Ulysses thought, and thought hard. He wasn't well-versed in the christian faith, but he knew enough to know what most pastors thought of men like Pete. What they must think about Delmar too, he added mentally, what with his clinging to Pete and polite disinterest in women. "Pete, considering you're a born-again god-fearer, you believe yourself to be made by the man upstairs?" Pete looked at him warily, squinting in the dark. "Suppose I do. What's that got to do with anything?" He whisper-hissed through his teeth. 

 

Ulysses uselessly smoothed his shirt, a habit left over from the days he would take time to let a courtroom simmer before he delivered a claim that would have the prosecution eating their hats. "Well, keeping with the hypothesis that the good lord made you, and that he knows all…" he gave a measured shrug, "He already knows you're sweet on Delmar, 'cause he made you that way. If you ain't been struck down yet, I don't think he minds." Pete seemed to consider this for a long time. "But what about them church folks, pastors and priests and such, that say it's a mortal sin? They know a whole lot more about religion than a goddamn crackerjack lawyer and a- a hick queer." Ulysses laughed. "No they don't, Pete. Those folks ain't got no direct line to god. No holier than you or I or- or a cowpie in the street." 

 

This seemed to shock Pete into catatonia, and Ulysses took the opportunity to continue. "Don't you read the news? Seems like every day you hear about some Baptist pastor stuffing his wallet with church money, or some other worse vice. Sure, I'm sure plenty are good 'n righteous folk, but at the end of the day, they're mortal people interested in controlling the behavior of a constituency, based upon their own moral compass." Ulysses could barley make Pete out in the darkness, just a slumped, fuzzy effigy cast in the blueish summer dark. "I…I'm not quite sure what you mean." Pete muttered, and Ulysses sighed kindly. 

 

He knew Pete understood, just that he didn't dare believe what Ulysses told him. So, he repeated himself, again, perhaps a touch more condescendingly than required. "They're just people who like tellin' others how to live, so those folks'll live like they live." Pete was sitting with his head in his hands. "I- that sounds like blasphemy, Everett." Dissapointment and pity welled up within Ulysses. Then Pete raised his head. "But I don't think you're wrong." Ulysses grinned in the dark. "Good man, now you're understanding. As long as all parties walk away happy, it's of my educated opinion that the lord don't care about your sway." Ulysses fished a crumpled packet of cigarettes out of his pocket, and delicately fished out the last one.

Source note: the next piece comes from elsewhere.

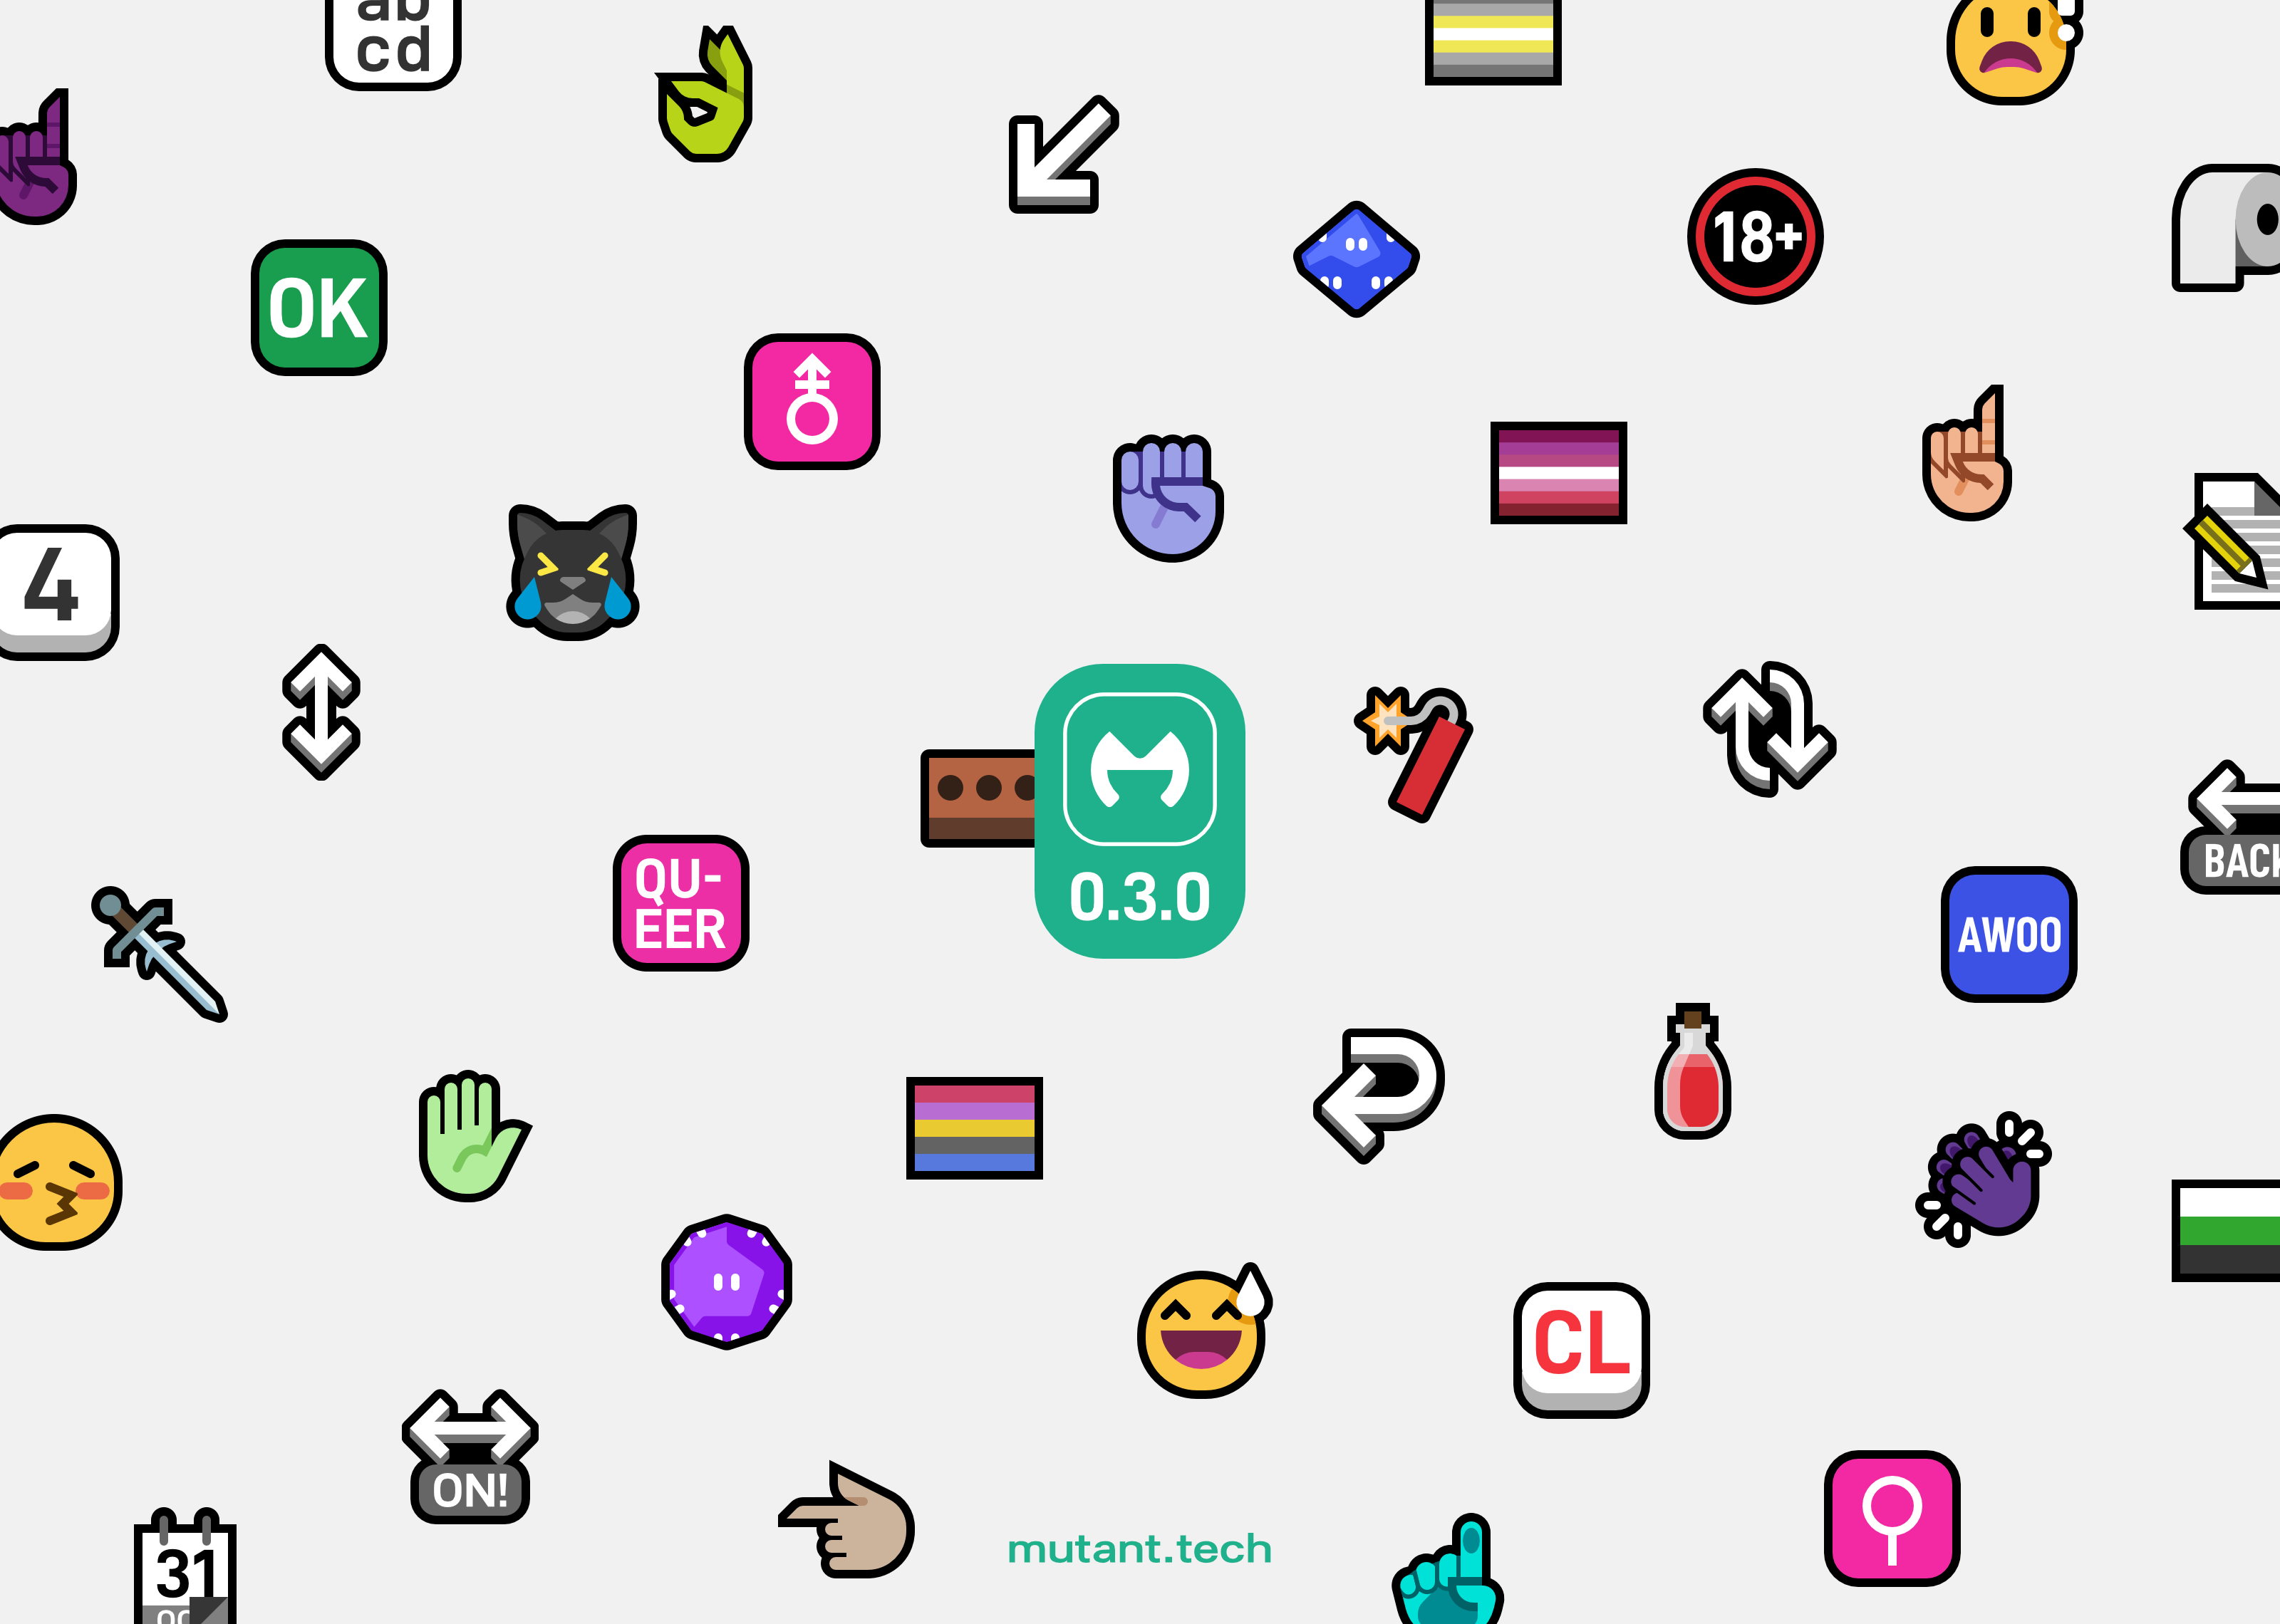 An array of new or improved emoji in Mutant Standard 0.3.0 in a scattered pattern, in the middle is a little teal badge with the Mutant Standard logo and '0.3.0' below it. At the bottom is 'mutant.tech', also in teal.

 Even without looking, however, he could tell Pete was looking at Delmar. "I just wanna be good enough for him." Ulysses felt his heart pang in a way he typically reserved for holidays and thoughts of his family.

 

 He lit a match, the sulfur seeming to roar in the quiet, and held it to the battered smoke. "Pete," he said as he inhaled, holding both the smoke and his friend's attention, "something tells me you already are."